Property information and analytics provider CoreLogic has rejected a second acquisition offer from investors Senator Investment Group LP and Cannae Holdings Inc.
CoreLogic’s Board of Directors once again unanimously rejected the offer, reiterating that it still significantly undervalues the company, raises serious regulatory concerns, and is not in the best interest of shareholders.
Senator and Cannae have previously contended that CoreLogic has refused to engage with their offer, and accused the firm of relying on a “smokescreen” of regulatory concerns and “poison pill” defense tactics to avoid engaging with them.
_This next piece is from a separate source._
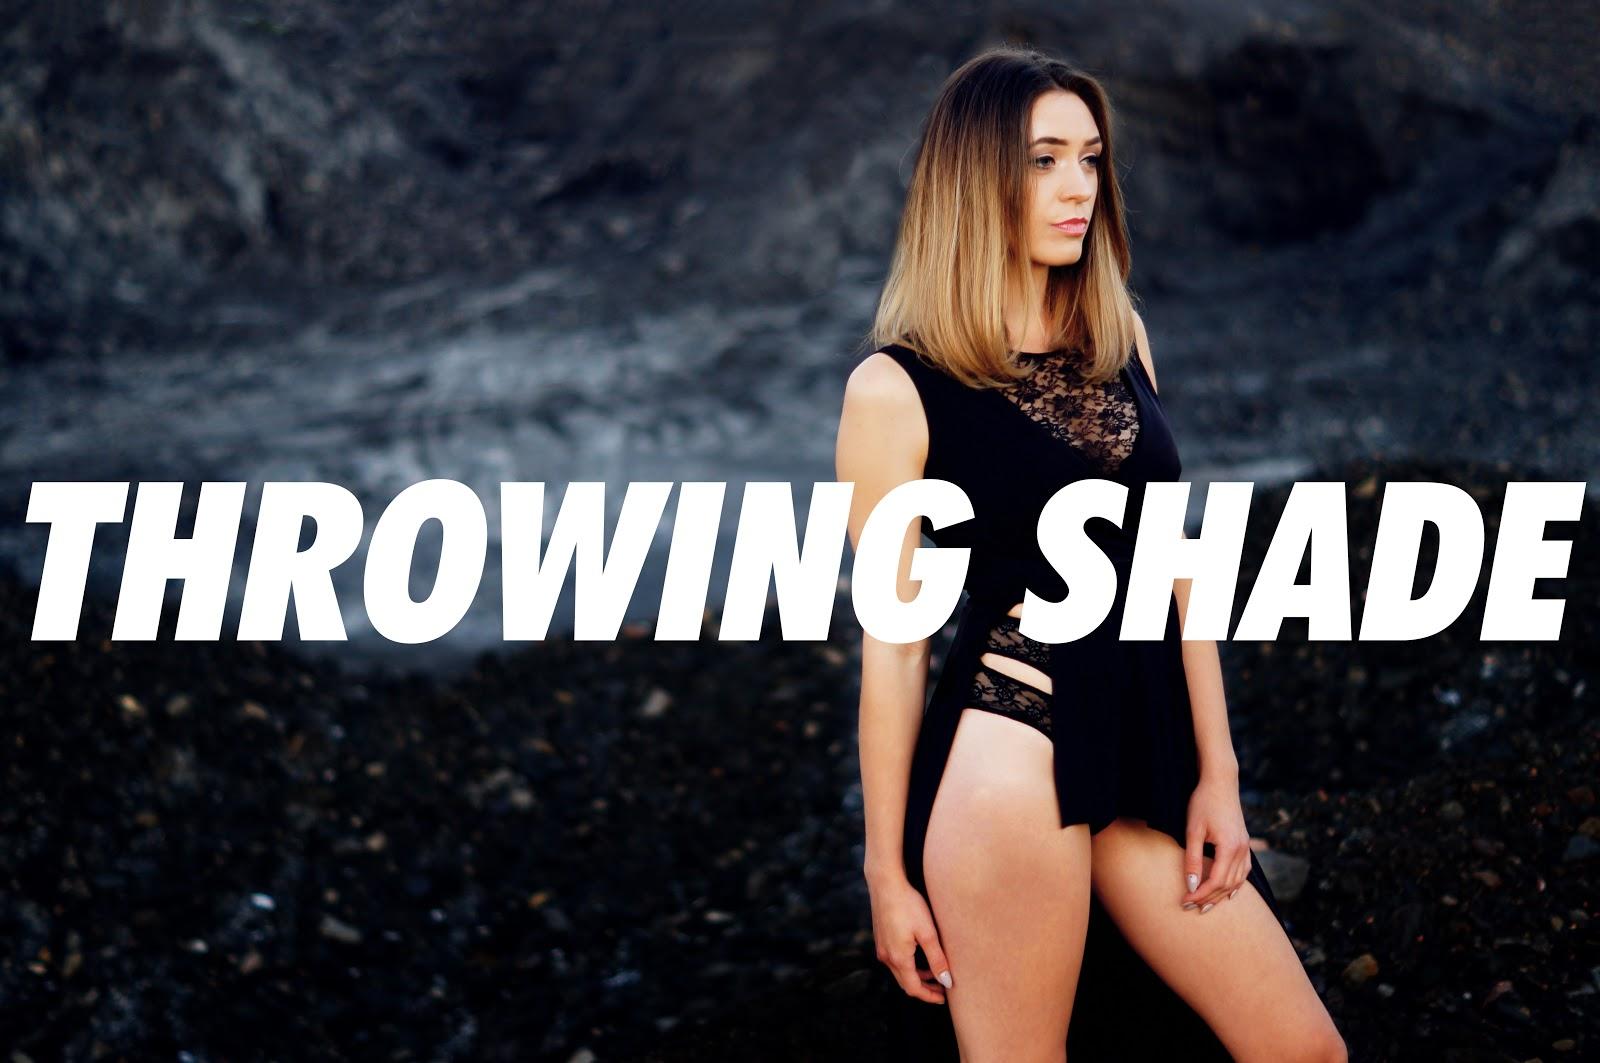 THROWING SHADE [ZDJĘCIA]

Since then, they have requested a meeting of CoreLogic shareholders to discuss replacing nine members of the CoreLogic Board with directors chosen by them.
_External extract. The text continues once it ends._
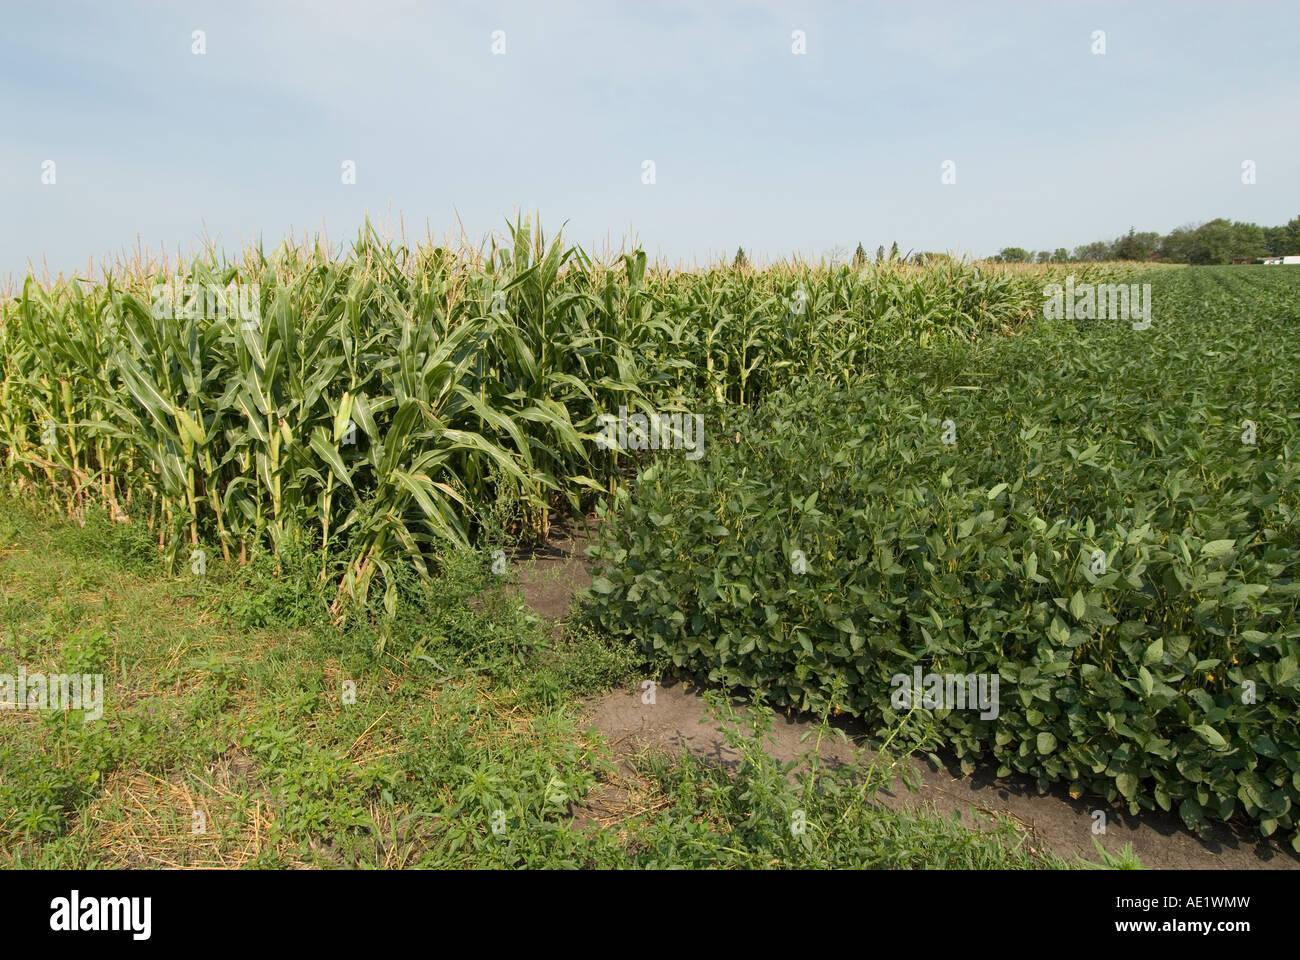 L'agriculture du Minnesota le maïs et le soja sont les deux principales cultures du sud du Minnesota illustré Photo Stock

“We remain open to all paths to create value,” said CoreLogic Chairman Paul Folino, “but are confident that continued successful execution of our current plan will produce value for our shareholders far in excess of $66.00 per share.”
Since the original acquisition proposal from Senator and Cannae, CoreLogic significantly increased guidance for the remainder of 2020, 2021 and 2022 based on the strength of its business, raised its quarterly dividend by 50%, and committed to a $1 billion share repurchase.
Frank Martell, President and Chief Executive Officer, commented: “We have transformed CoreLogic into a higher-margin, higher-growth company with a durable business model based on increasing recurring revenues.”
“CoreLogic is at an inflection point, poised for further expansion of our trading multiple, increased capital returns, and greater value-creation for all of our shareholders,” he added.